'''

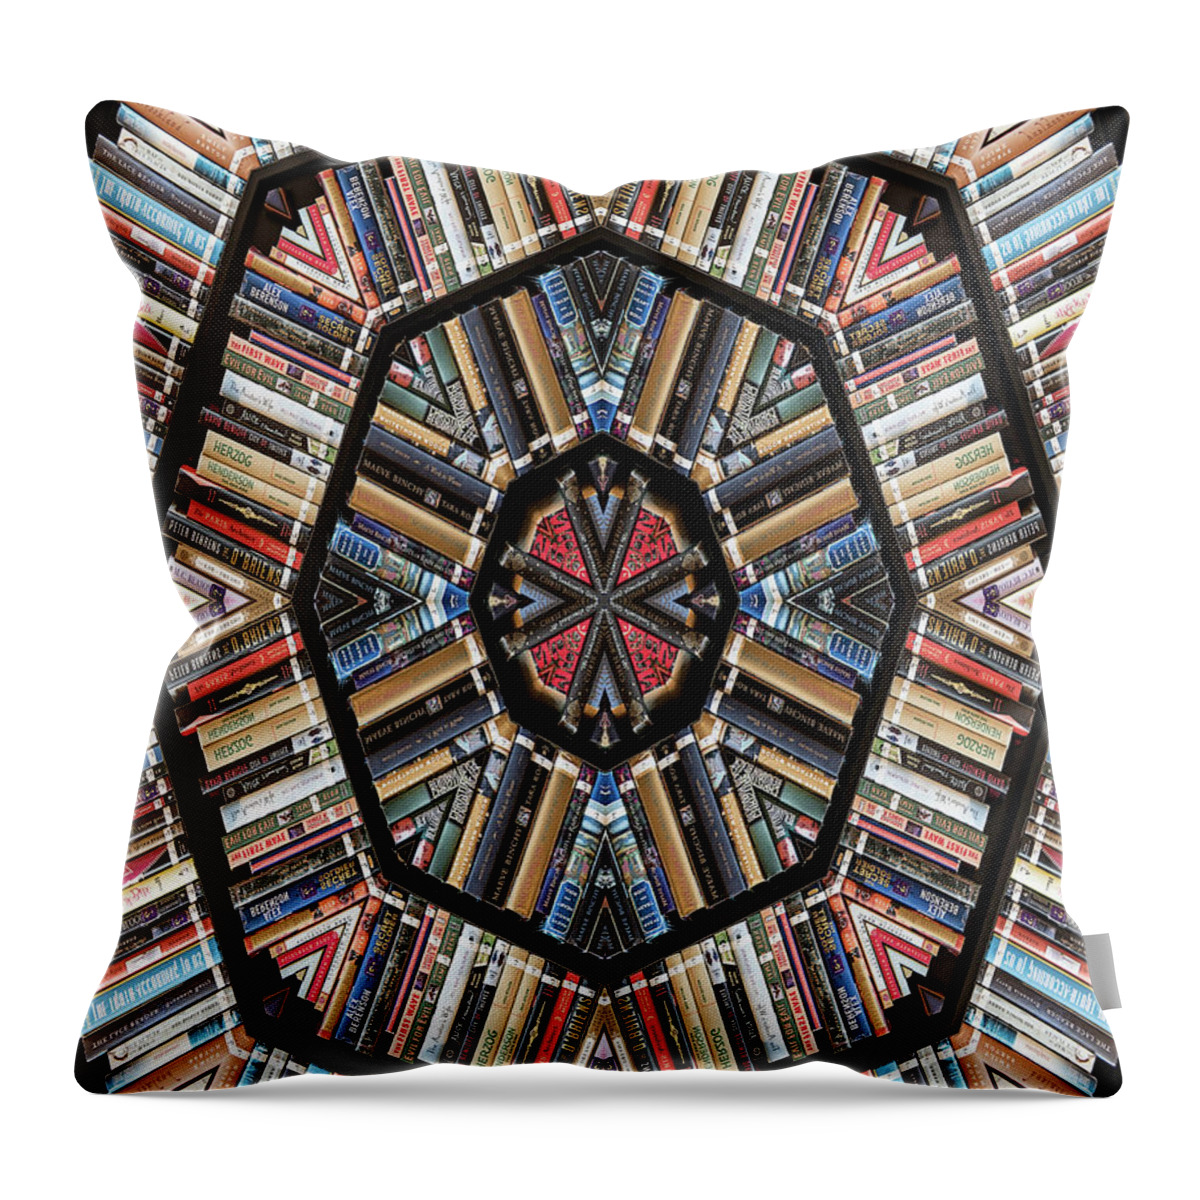 Books Throw Pillow featuring the photograph Library Kaleidoscope by Minnie Gallman
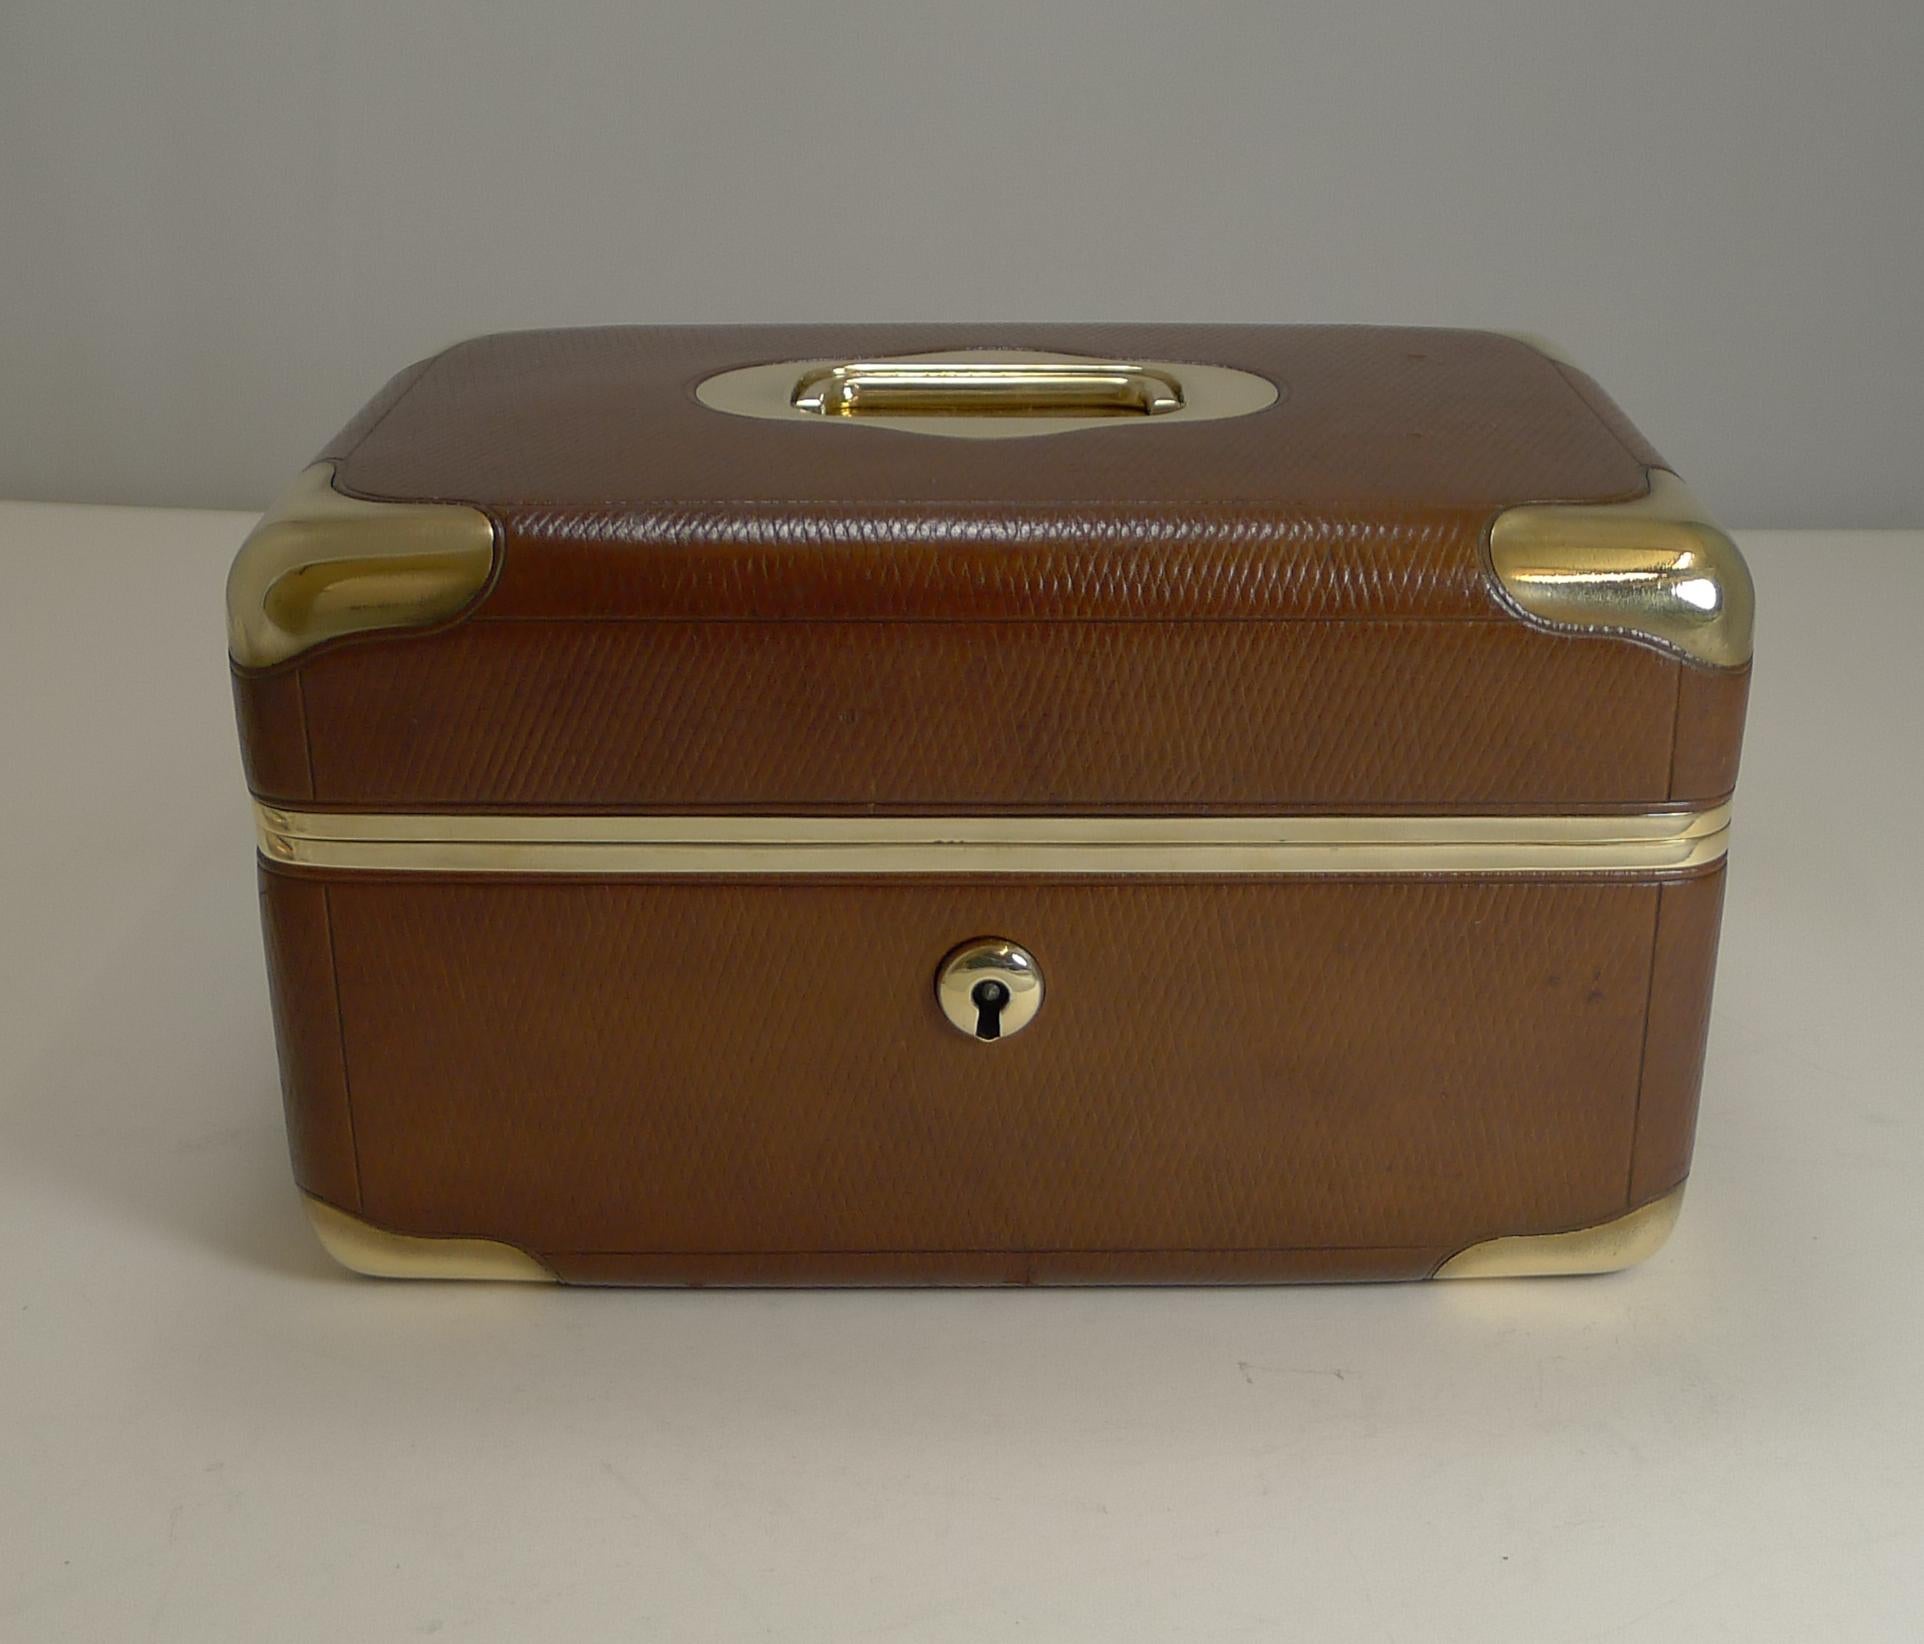 A superb quality box in the style of S-trunk with solid brass corners and a flush campaign style carrying handle inset to the lid.

The box comes with working lock and key, and once opened there is a retailer's signature from Algeria; 
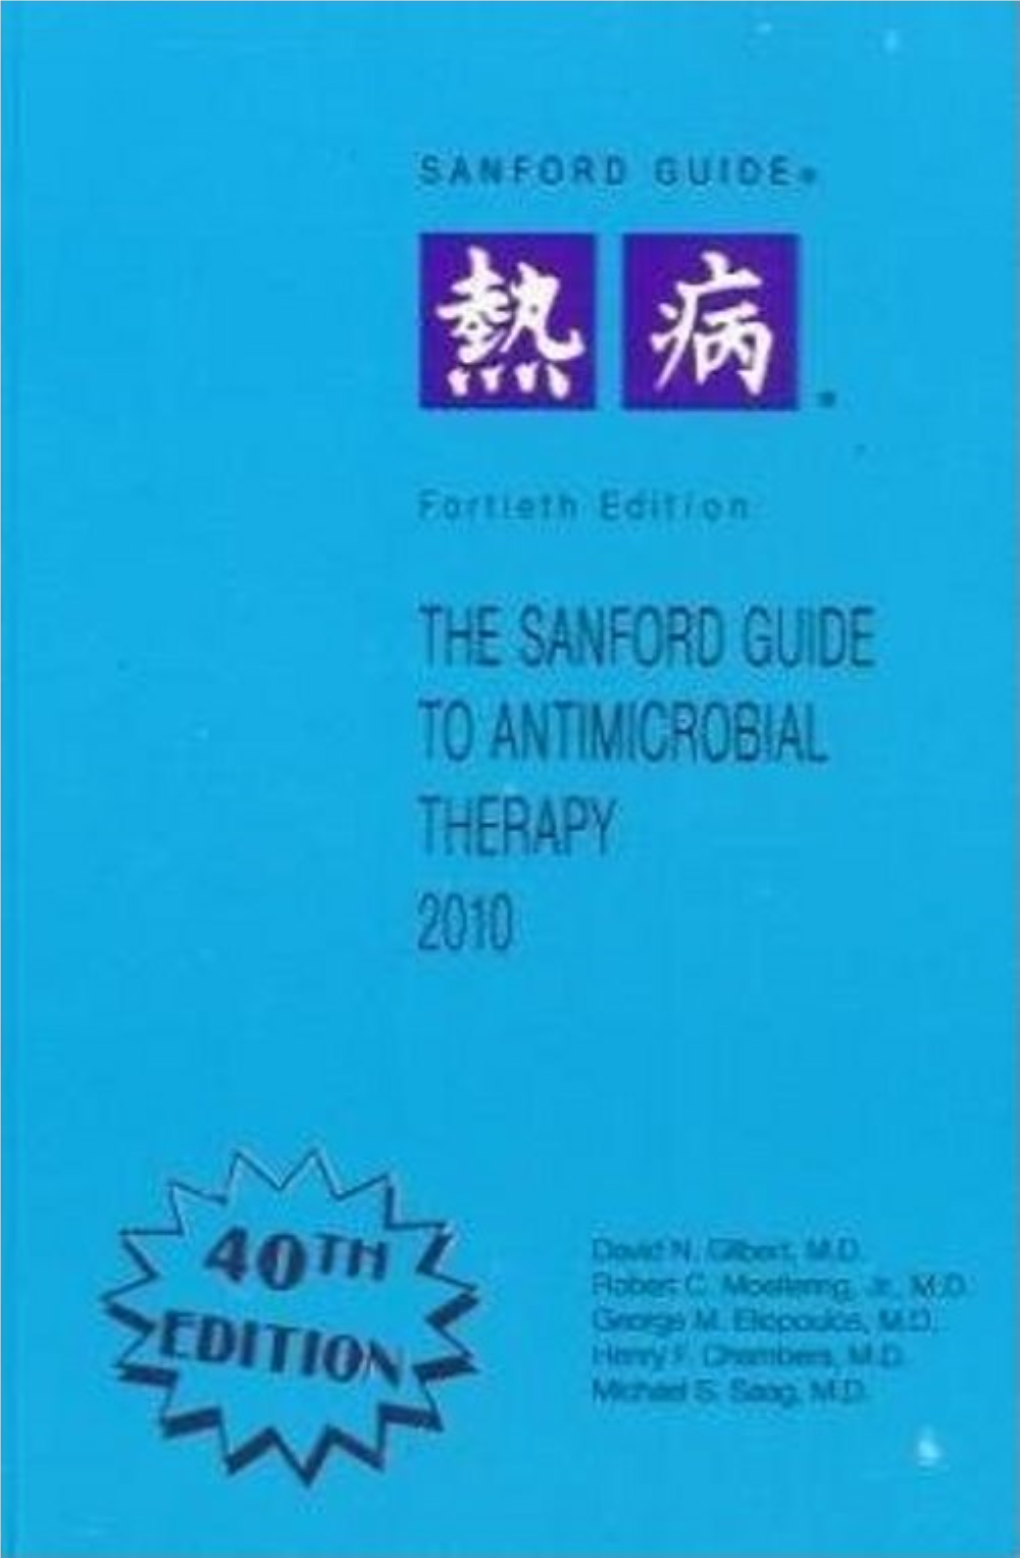 The Sanford Guide to Antimicrobial Therapy.Pdf
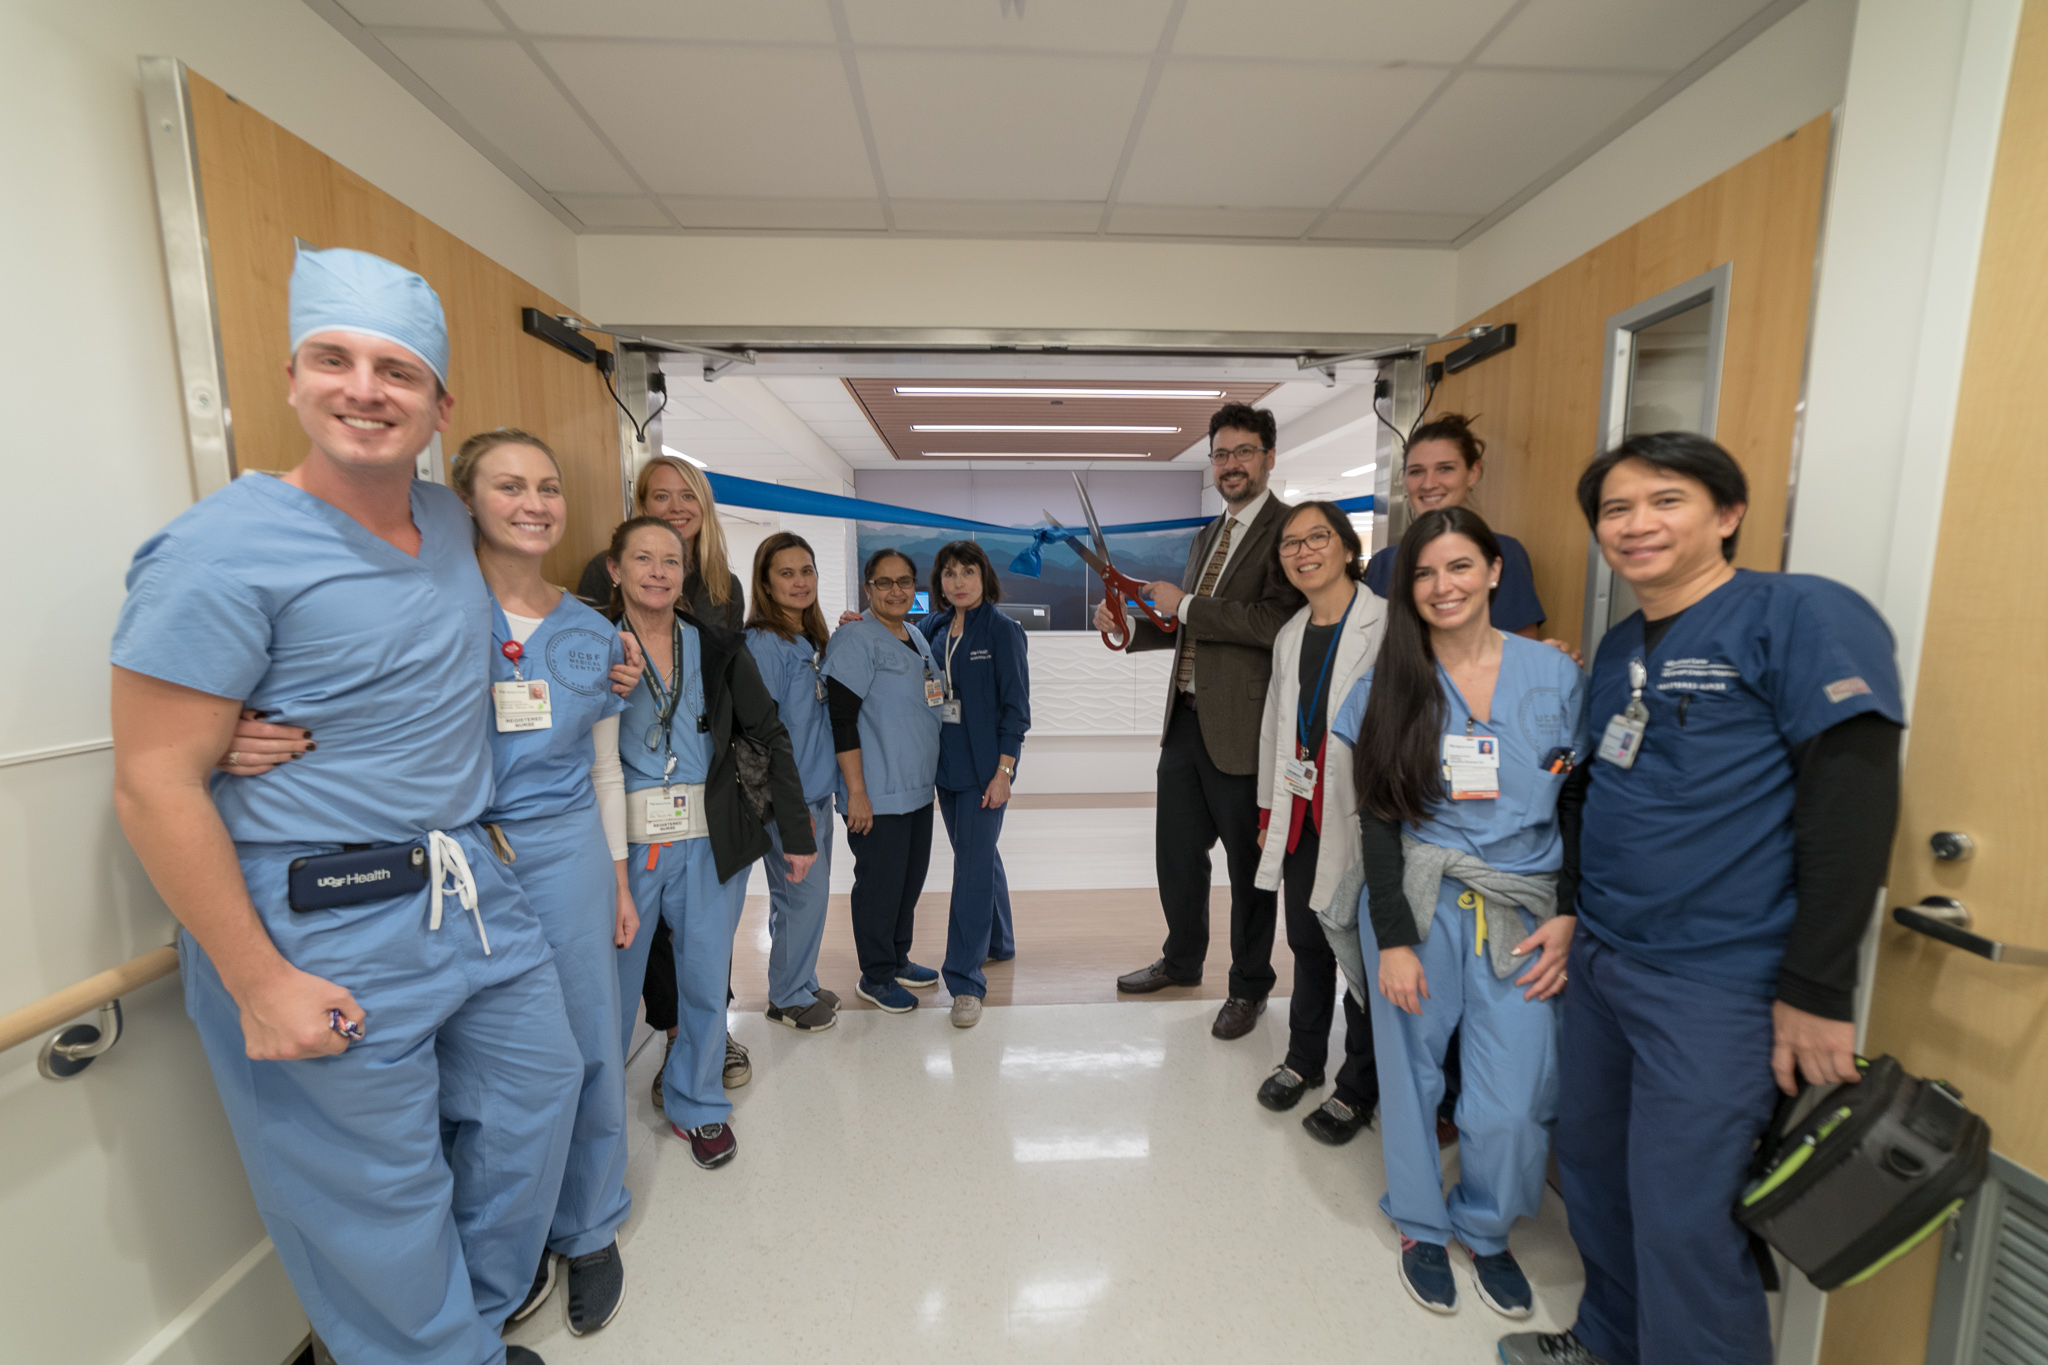 UCSF Radiology Completes Important Facility Expansion UCSF Radiology

'''

## Task instructions
Output the data above verbatim, pictures excluded.

## Solution for this problem
 Books Throw Pillow featuring the photograph Library Kaleidoscope by Minnie Gallman
 A superb quality box in the style of S-trunk with solid brass corners and a flush campaign style carrying handle inset to the lid.

The box comes with working lock and key, and once opened there is a retailer's signature from Algeria; 
 The Sanford Guide to Antimicrobial Therapy.Pdf
 UCSF Radiology Completes Important Facility Expansion UCSF Radiology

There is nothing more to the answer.